Your instructions: Reproduce each line of the following material exactly, omitting the images.

Data section:
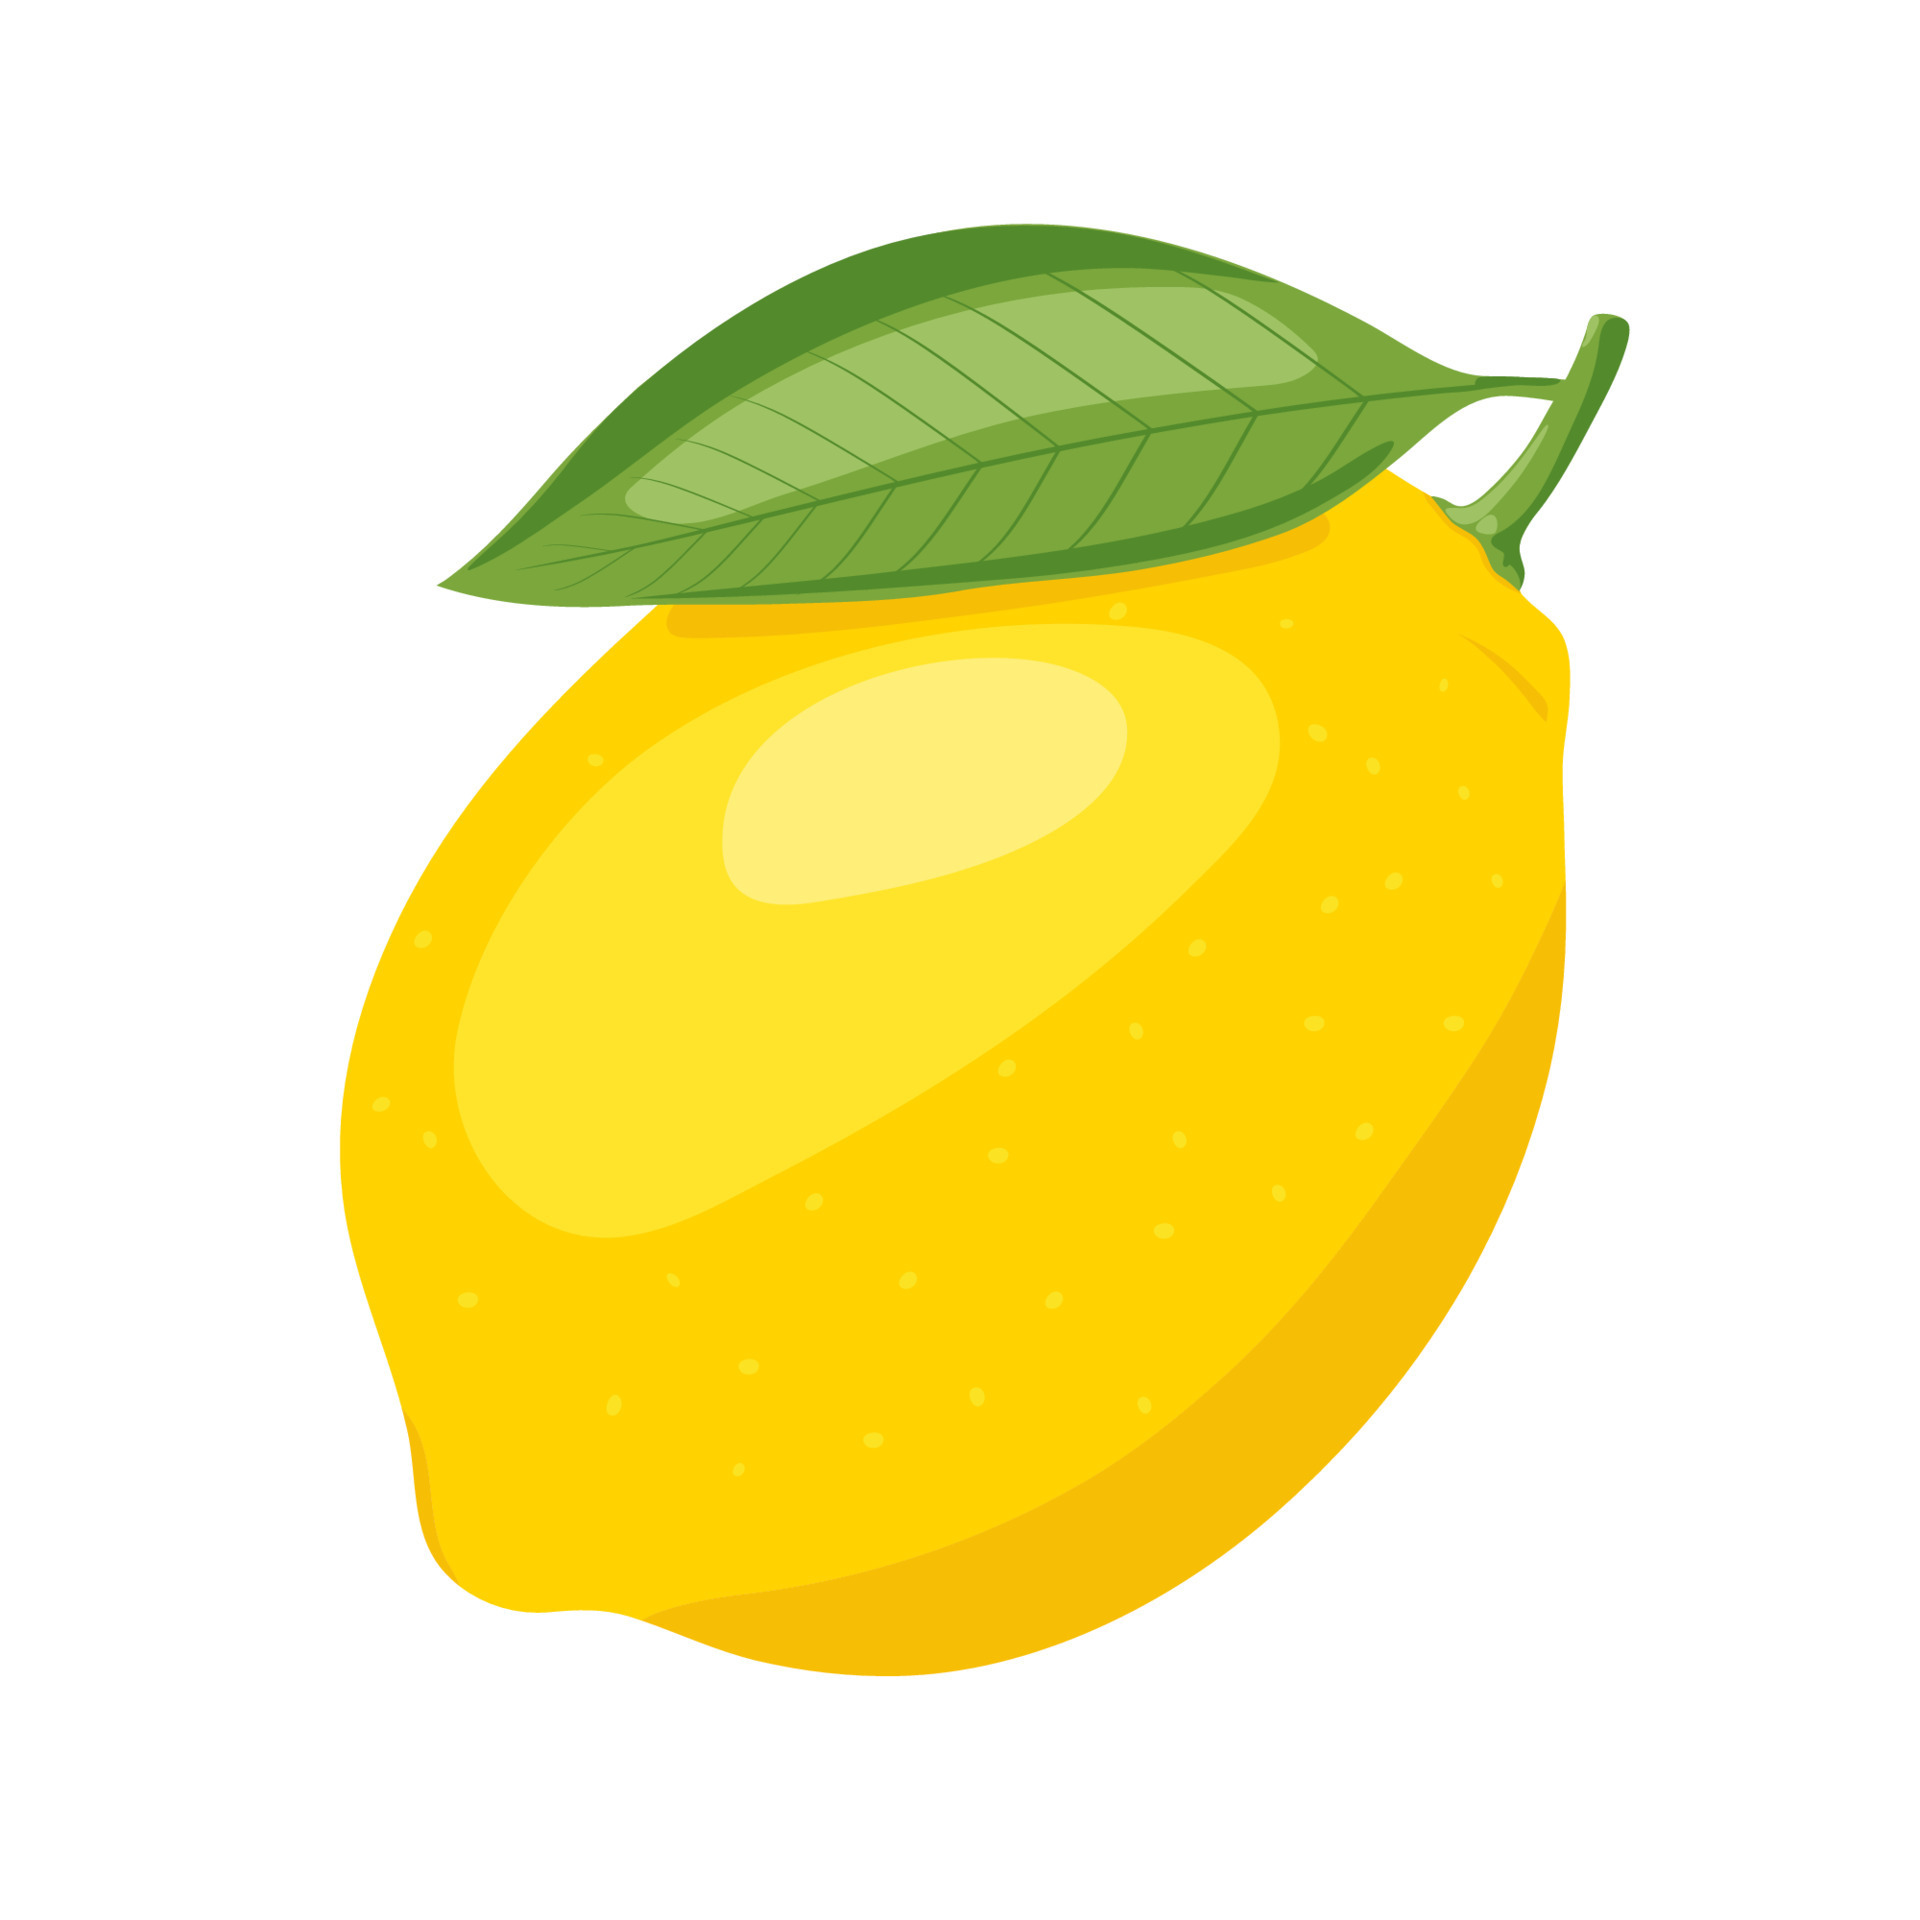 Yellow lemon vector icon illustration isolated on white background ...
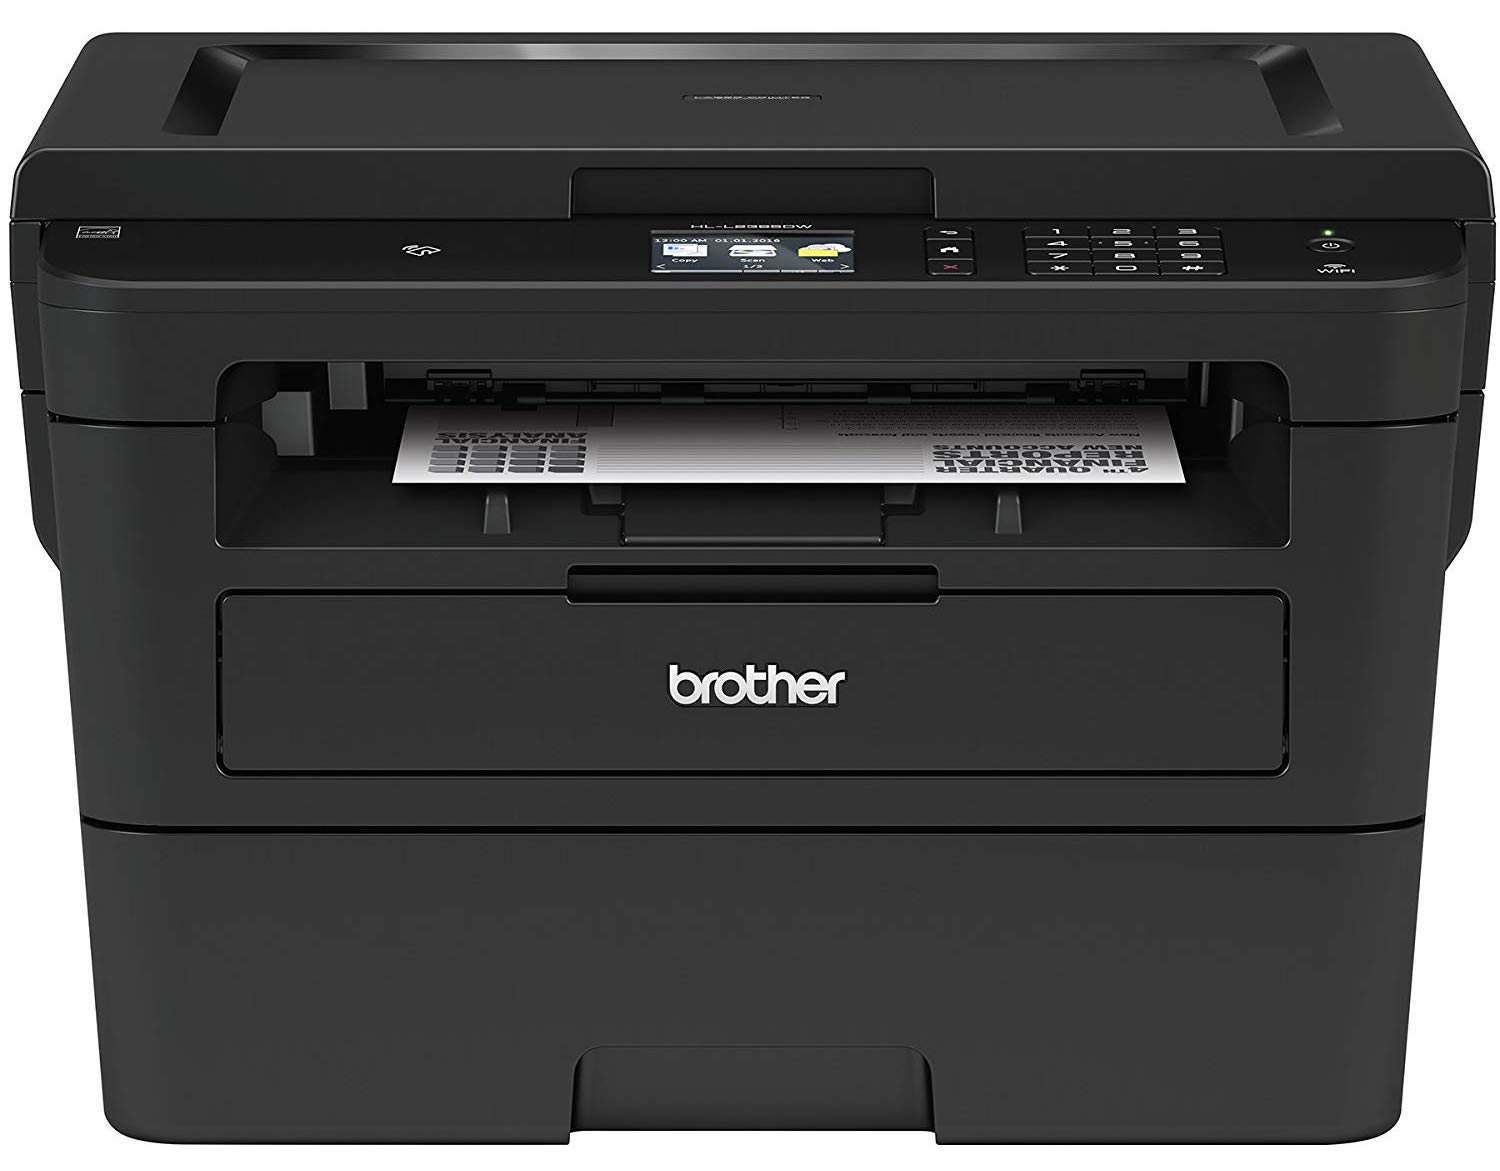 Brother Compact Printer
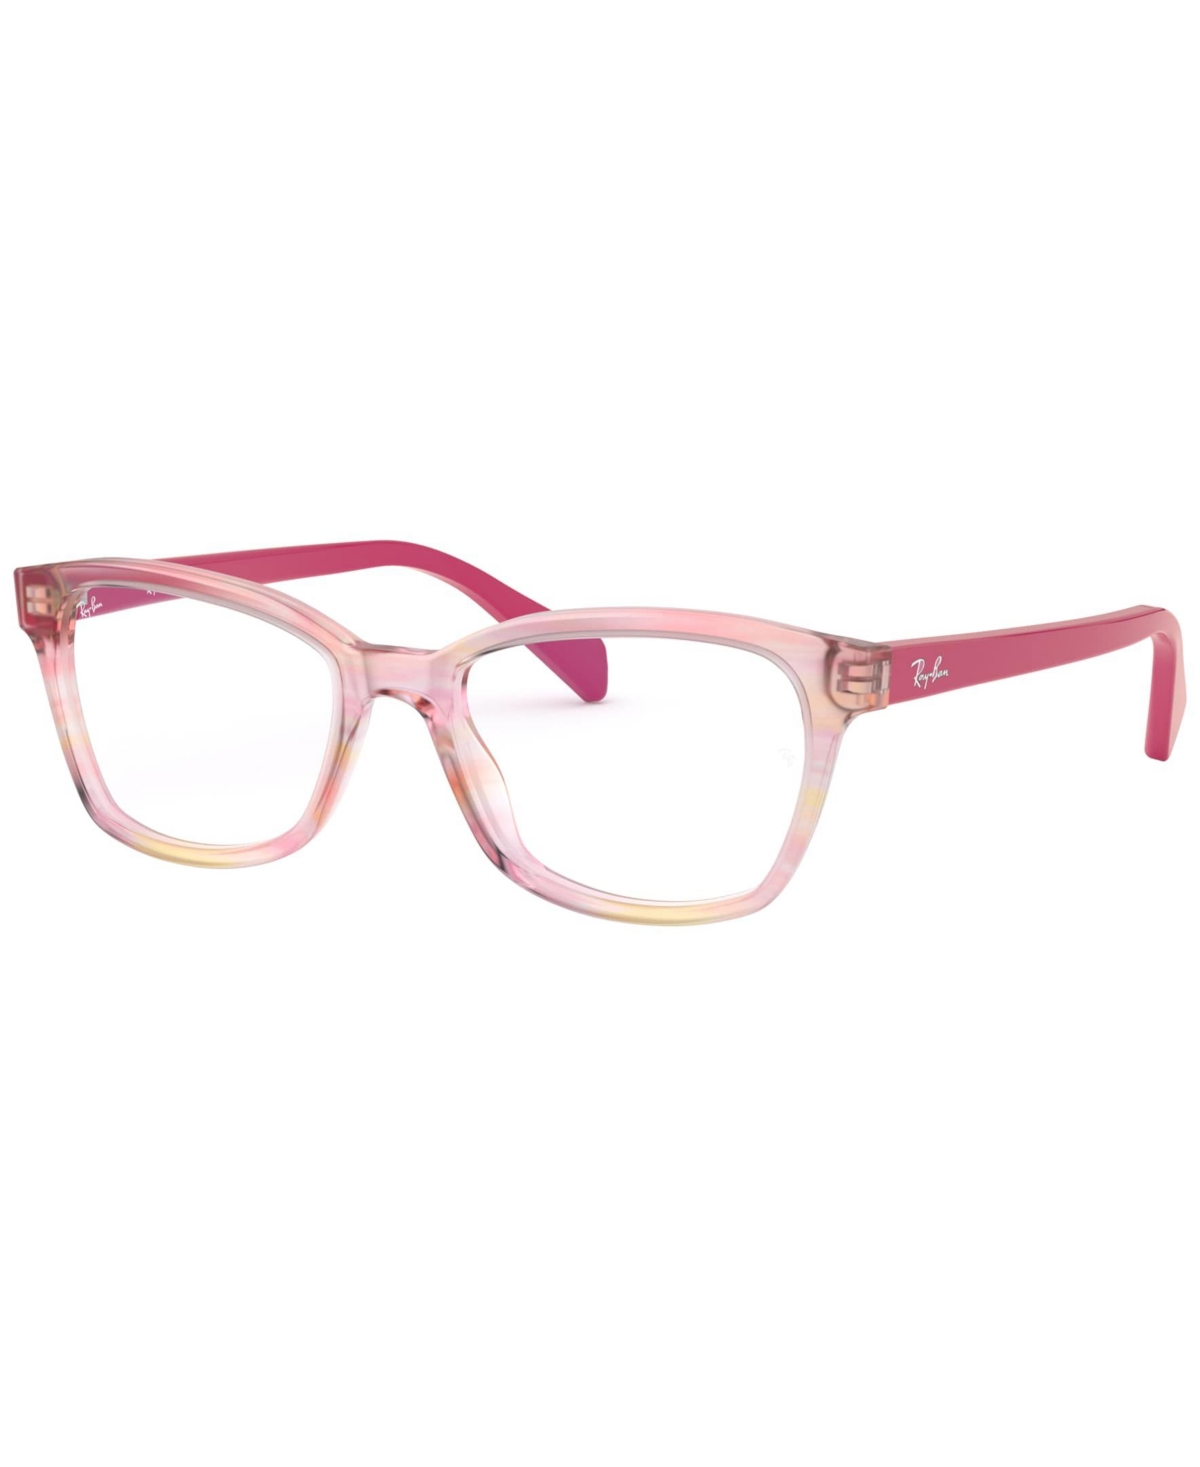 RY1591 Child Square Eyeglasses - Pink

Answer space:
 Yellow lemon vector icon illustration isolated on white background ...
 Brother Compact Printer
 RY1591 Child Square Eyeglasses - Pink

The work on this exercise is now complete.